J'ai entendu hier soir à la Philharmonie l'opéra Léonore de Ludwig van Beethoven.
Je ne connaissais jusque là que Fidélio, mais Léonore l'avait précédé...
L'opéra en concert était interprété par l'orchestre baroque de Freiburg (im Brisgau),
et l'Académie de chant de Zürich, placés sous la direction de René Jacobs, voici les solistes:
Un peu à la manière dont Cézanne peignait la montagne Sainte-Victoire avec persistance,
Beethoven a passé douze ans sur le même opéra. Mais est-ce tout-à-fait le même? Non, bien sûr,
il a évolué avec son auteur. Commencé dans l'enthousiasme en 1803, l'opéra "Léonore" est créé
en 1805. Il n'est donné que deux fois, car il coïncide avec l'occupation napoléonienne de l'Autriche.
Beethoven le remanie, et une deuxième version, toujours nommée "Léonore" sort en 1806.
Puis une troisième version, la dernière, la plus connue, sort en 1815 sous le nom de "Fidelio".
La rangée F dans laquelle j'avais une place étant lacunaire, je me suis replacée à la place 72 pour la première
partie de l'opéra, puis à la place 70, libérée à l'entracte. Ci-dessus, la salle vue de la place F72.
Ci-dessus voici le choeur et l'orchestre, et le chef, à la fin de la première partie, qui comportait
les actes I et II, l'opéra original de 1805, présenté hier soir, étant en trois actes.
Le thème de l'histoire est le suivant: dans une prison andalouse, une jeune femme, Léonore,
se fait embaucher par le gardien de la prison, Rocco, en se faisant passer pour un jeune homme,
Fidelio. Rocco a une fille, Marzelline, qui tombe amoureuse de Fidelio.
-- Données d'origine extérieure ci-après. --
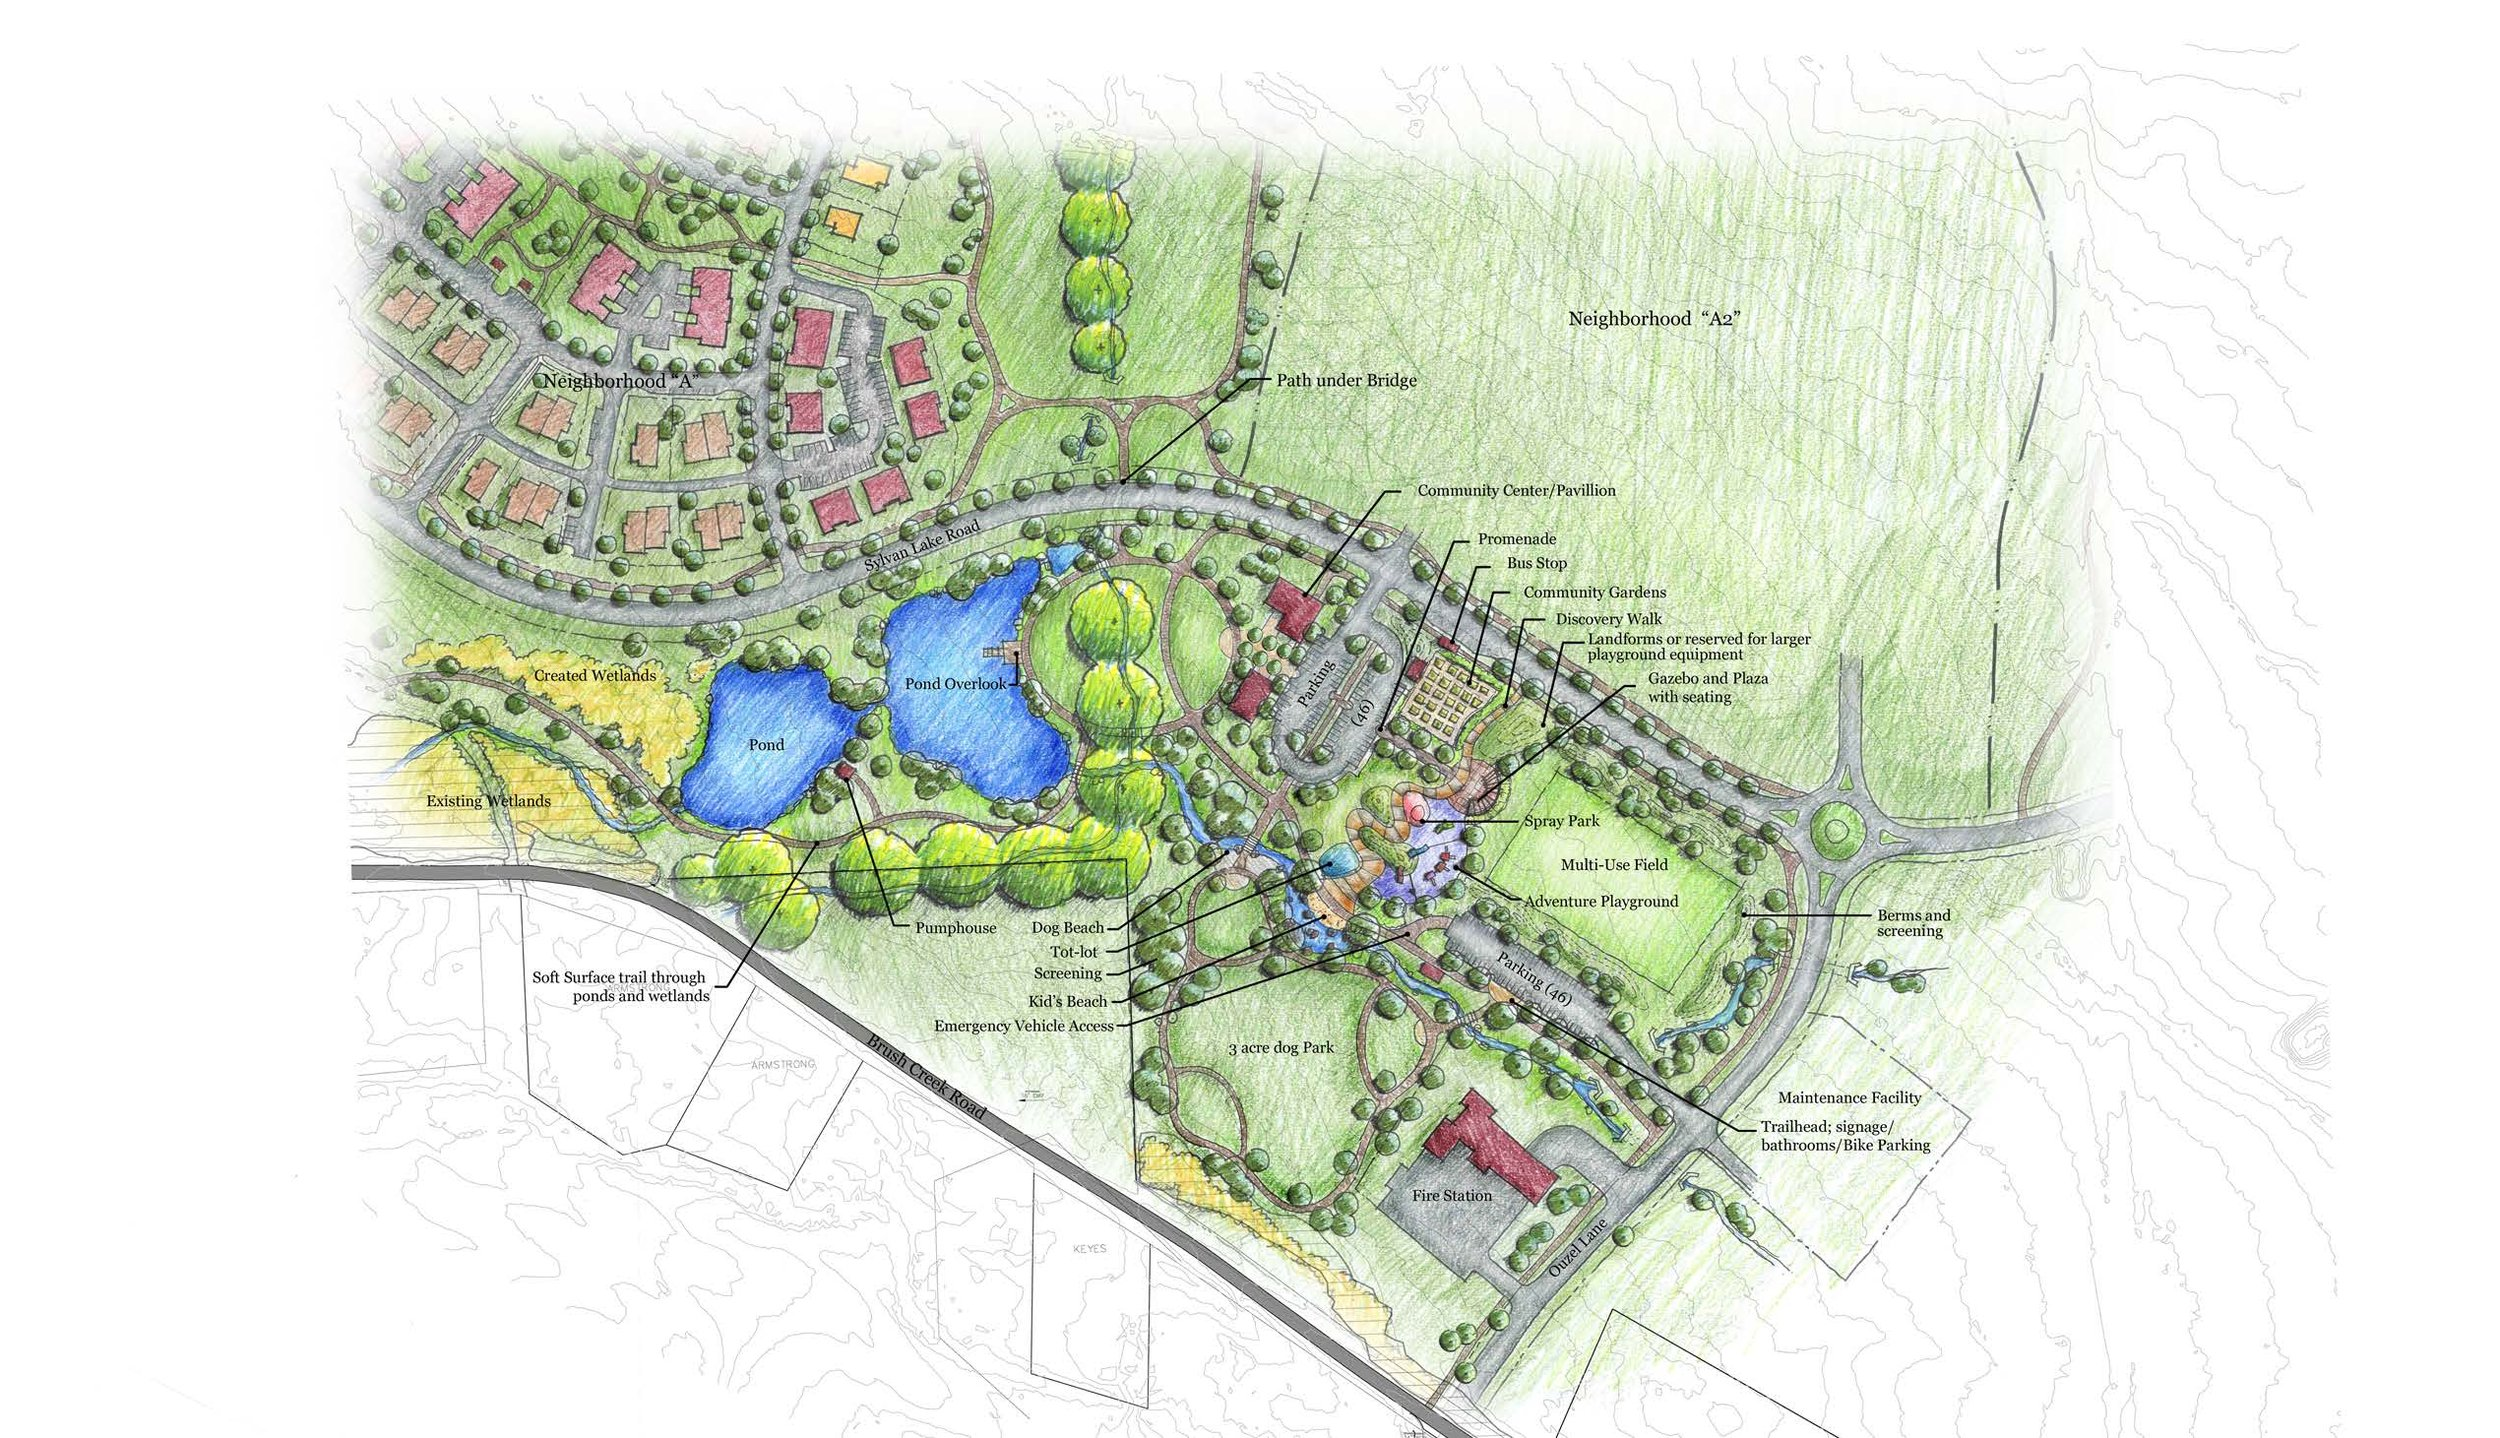 08.15.13_Conceptual Park Plan_11x17.jpg

Mais celui-ci (celle-ci)
n'est là que pour sauver son mari, Florestan, qui est emprisonné injustement depuis
deux ans dans une cave. Un coup de théâtre sauve Florestan de la mort, et il retrouve Léonore.
Marzelline se console avec son soupirant Jaquino, et le tortionnaire Pizarro est châtié.
Cette oeuvre est un "sing-spiel", comme en écrivait Mozart, c'est-à-dire que les chanteurs
parlent et chantent. Les parties instrumentales comportent des passages très beethoveniens,
des signatures musicologiques. En revanche, les passages chantés m'ont vraiment évoqué Mozart,
les duos, trios, quatuors chantés par des solistes dispersés aux coins de la scène, les choeurs
masculins ou féminins, ou l'ensemble mixte, avec de très belles prestations vocales, mais encore
dans un registre vocal accessible (et non dans les prouesses aiguës de la 9è symphonie), favorisé par la
tonalité des instruments baroques. Le livret entre dans la catégorie des "pièces à sauvetage",
à la mode après la Révolution française: un personnage est injustement emprisonné et délivré
in-extremis alors qu'on s'apprêtait à l'exécuter. Ici Florestan est délivré par un ministre ex-machina,
qui passait par là. L'intrigue est ce qu'elle est... l'émotion de la situation, la fidélité de l'épouse,
et sa transgression sociale sont les ressorts qu'utilise le compositeur pour écrire sa musique.
Une question que je poserais volontiers à un psychologue, est: que révèle cette fixation de l'auteur
sur le changement d'identité de son héroïne? (au point de changer jusqu'au nom de l'opéra, in fine).
René Jacobs dit que cette version de 1805 est la plus réussie des trois composées.
Voici les solistes et René Jacobs, devant l'orchestre. C'était un superbe opéra, qui a été très
applaudi, et aurait mérité une salle pleine. Il a été enregistré pour la radio (ou pour un disque).
L'orchestre Freiburger Barockorchester a trente ans, et la Zürcher Sing-Akademie en a six.
Ces deux ensembles nous ont montré hier soir toute leur virtuosité. René Jacobs a été contre-ténor,
il vient de Gand en Belgique (comme Philippe Herreweghe), et sa direction de l'oeuvre était
brillante, ce fut un grand bonheur d'écoute. Il a enregistré une Passion selon Saint-Matthieu qui
serait une version de référence, et ses opéras de Mozart sont réputés remarquables.
Ci-dessus, René Jacobs, Léonore (Marlis Petersen, très belle voix de soprano coloratur)
et Florestan. Nous sommes ressortis de la Philharmonie vers 22h45.